── INFORMATION SUPPLIED ──
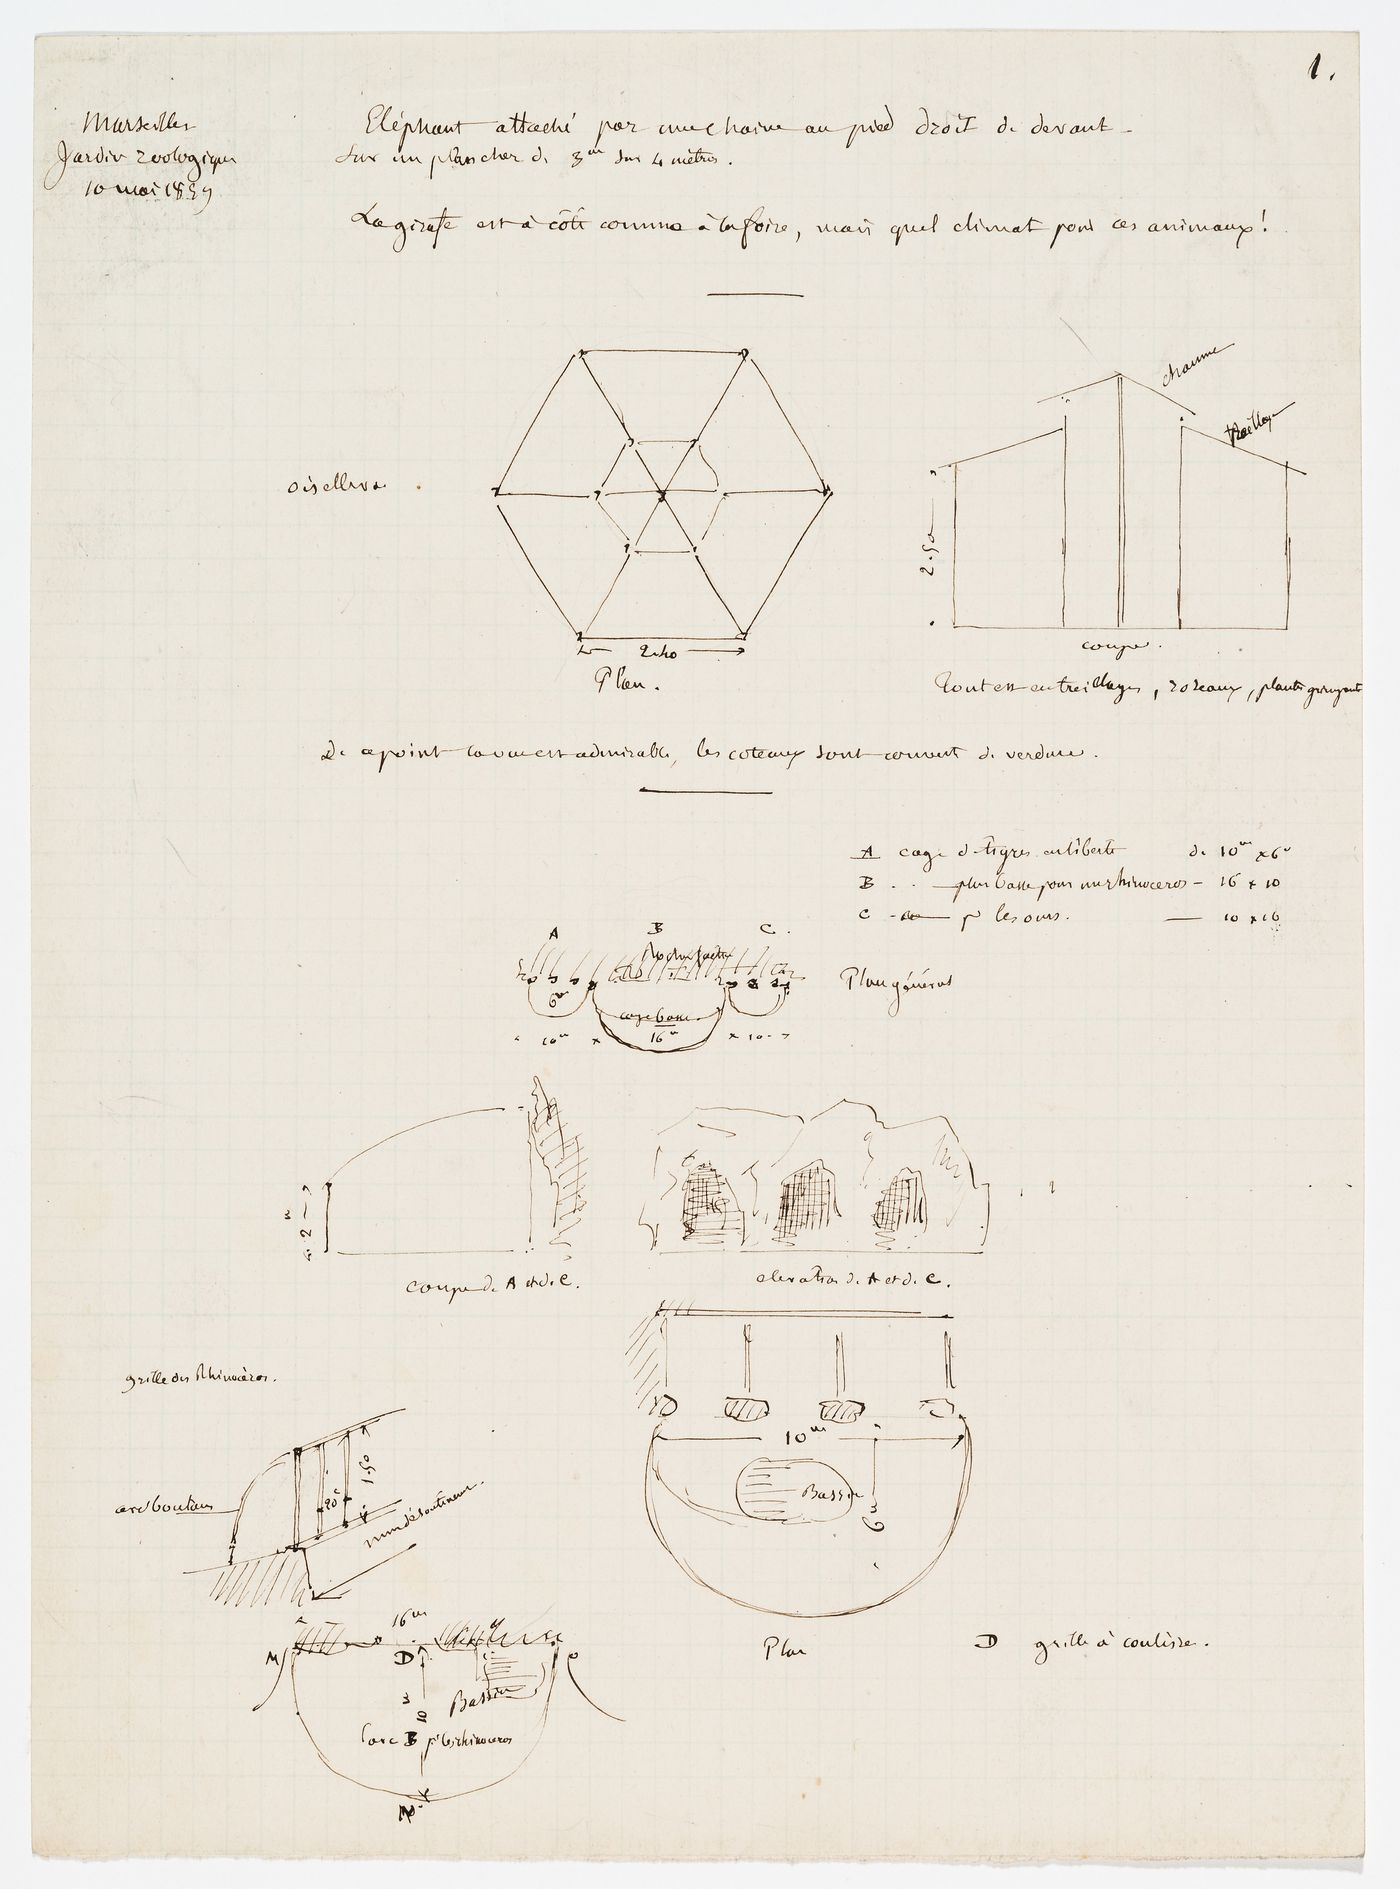 Zoological garden, Marseille: Notes and sketches concerning the animal cages
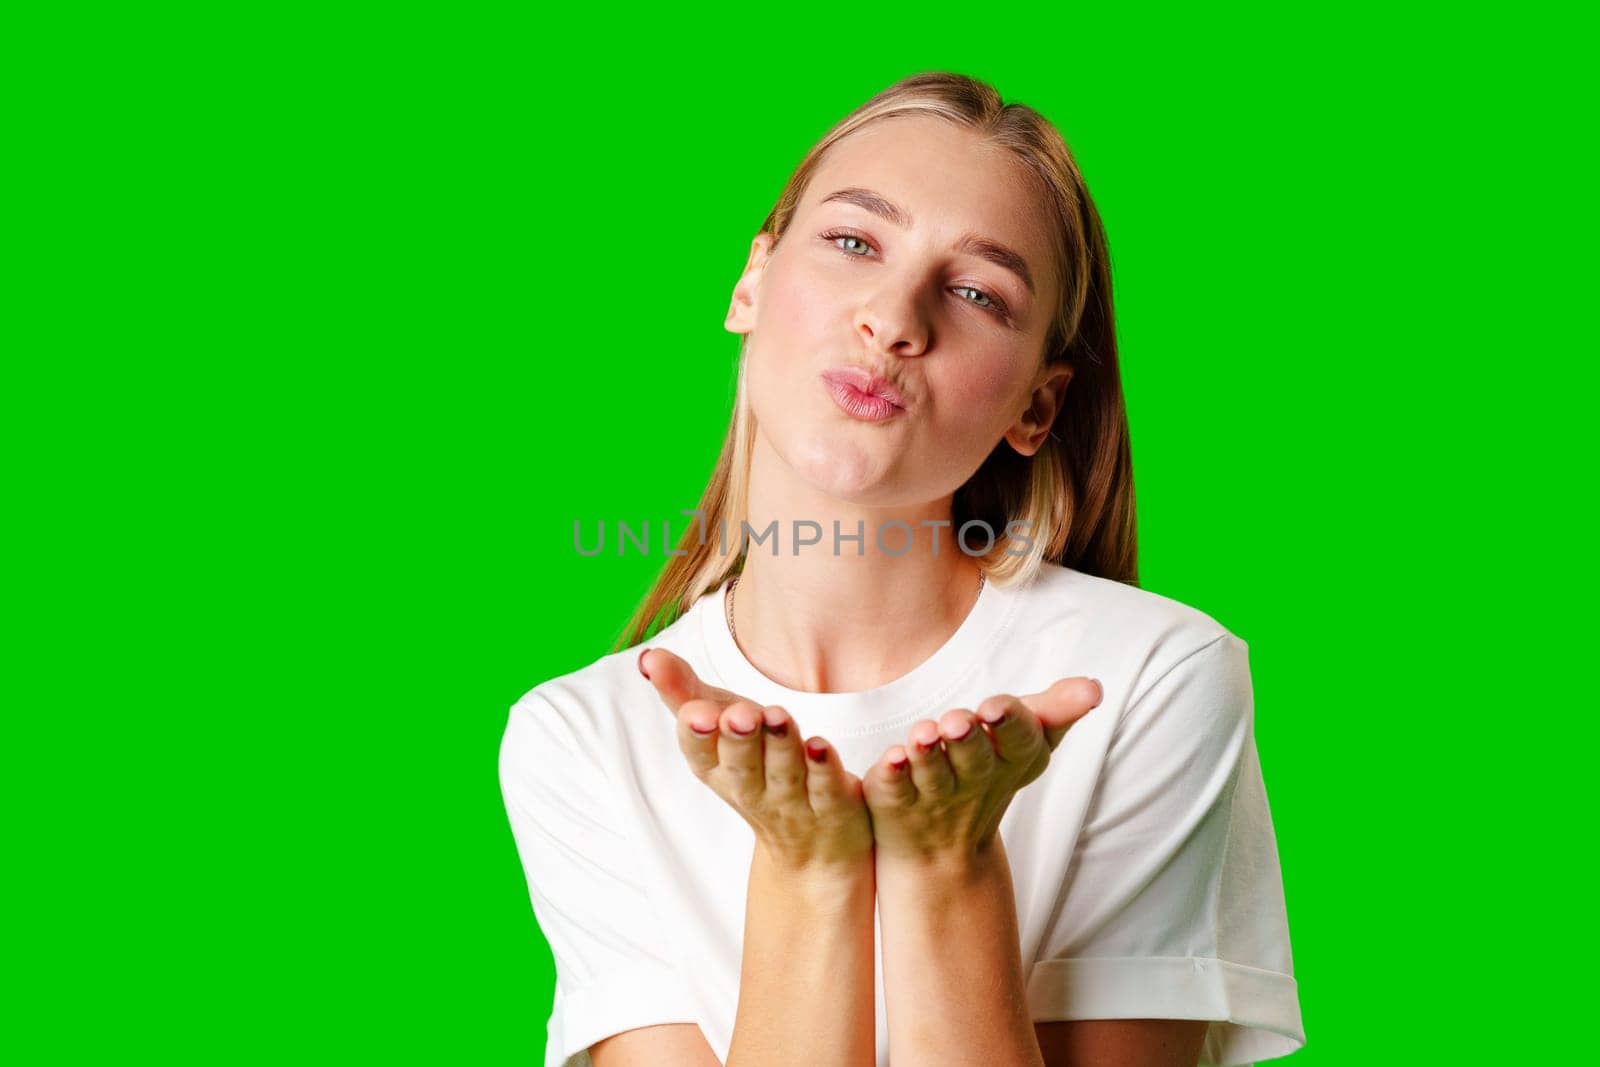 Young Woman Blowing a Kiss With a Playful Expression Against a Bright Green Background in studio
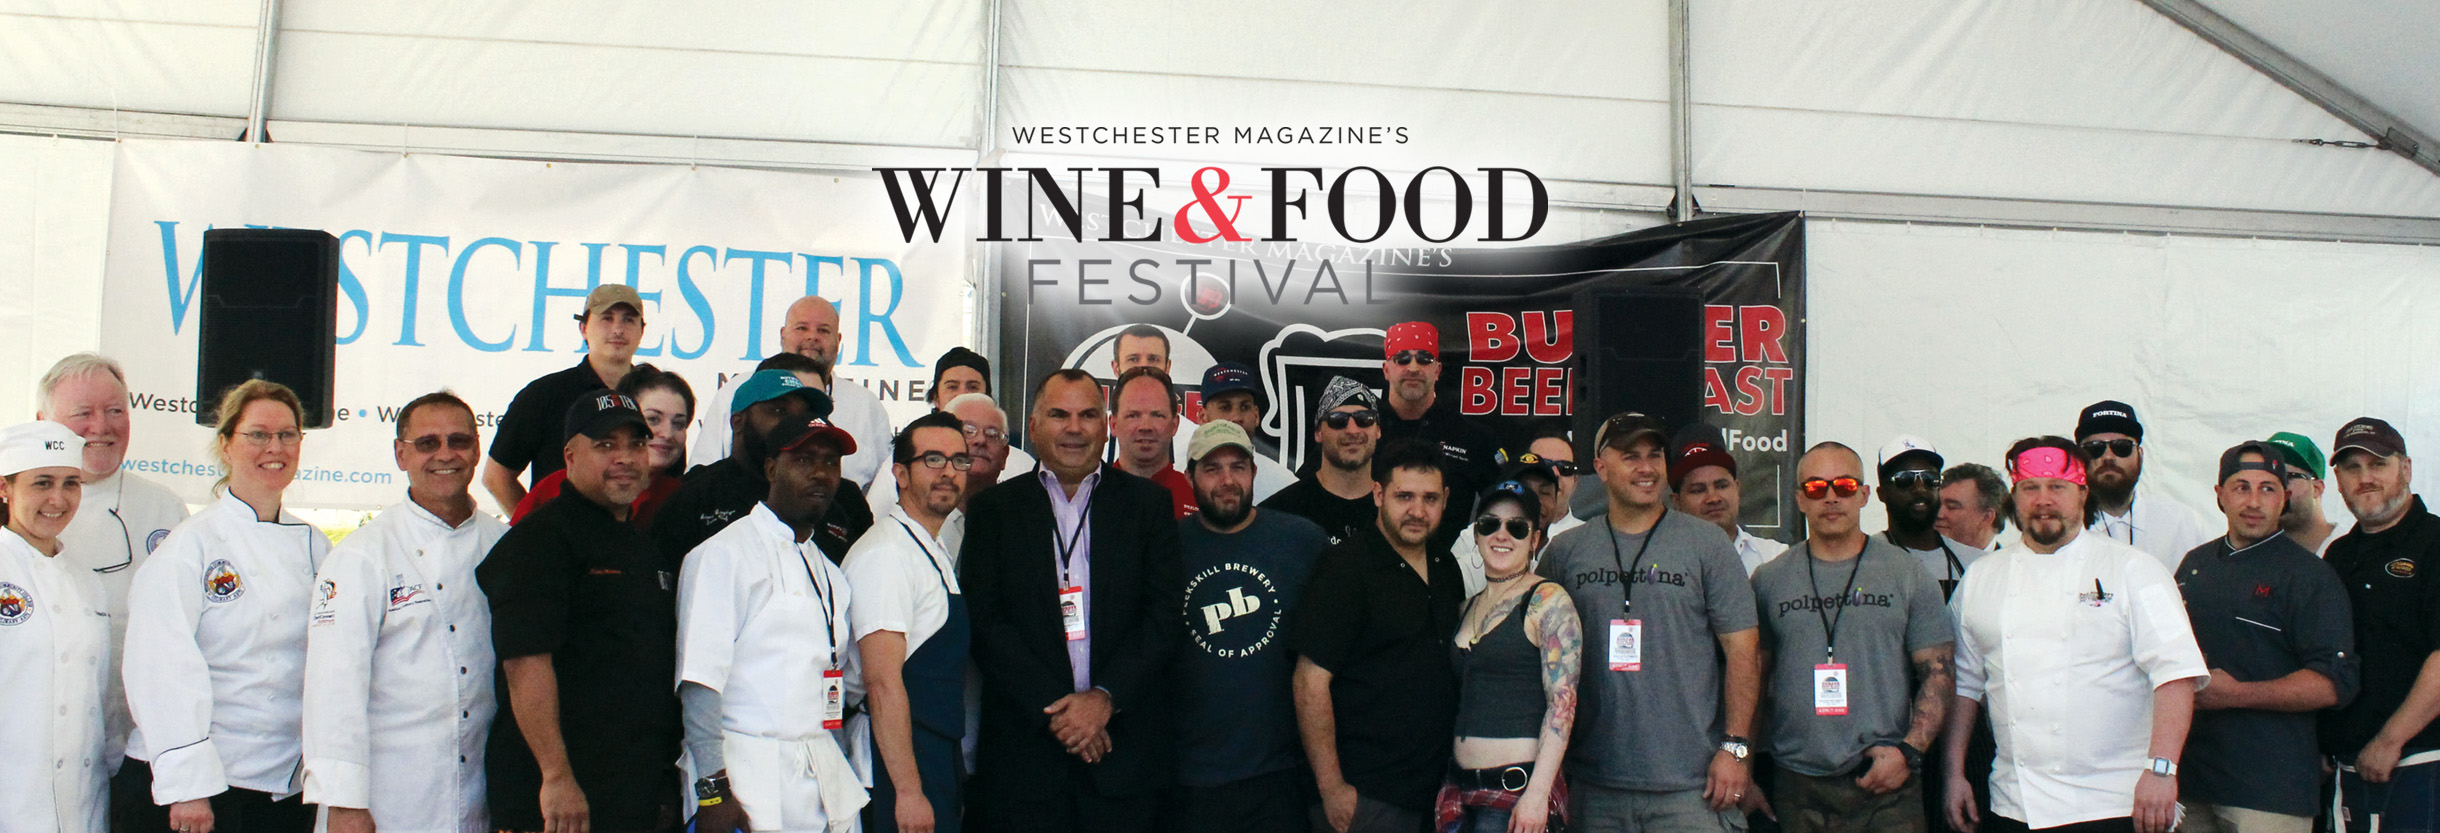 Wine & Food Festival Westchester Wine and Food Festival
───
**WORK TO BE COMPLETED**
All of the data above should be transcribed verbatim, with pictures omitted.

**ANSWER**
 Zoological garden, Marseille: Notes and sketches concerning the animal cages
 Young Woman Blowing a Kiss With a Playful Expression Against a Bright Green Background in studio
 Wine & Food Festival Westchester Wine and Food Festival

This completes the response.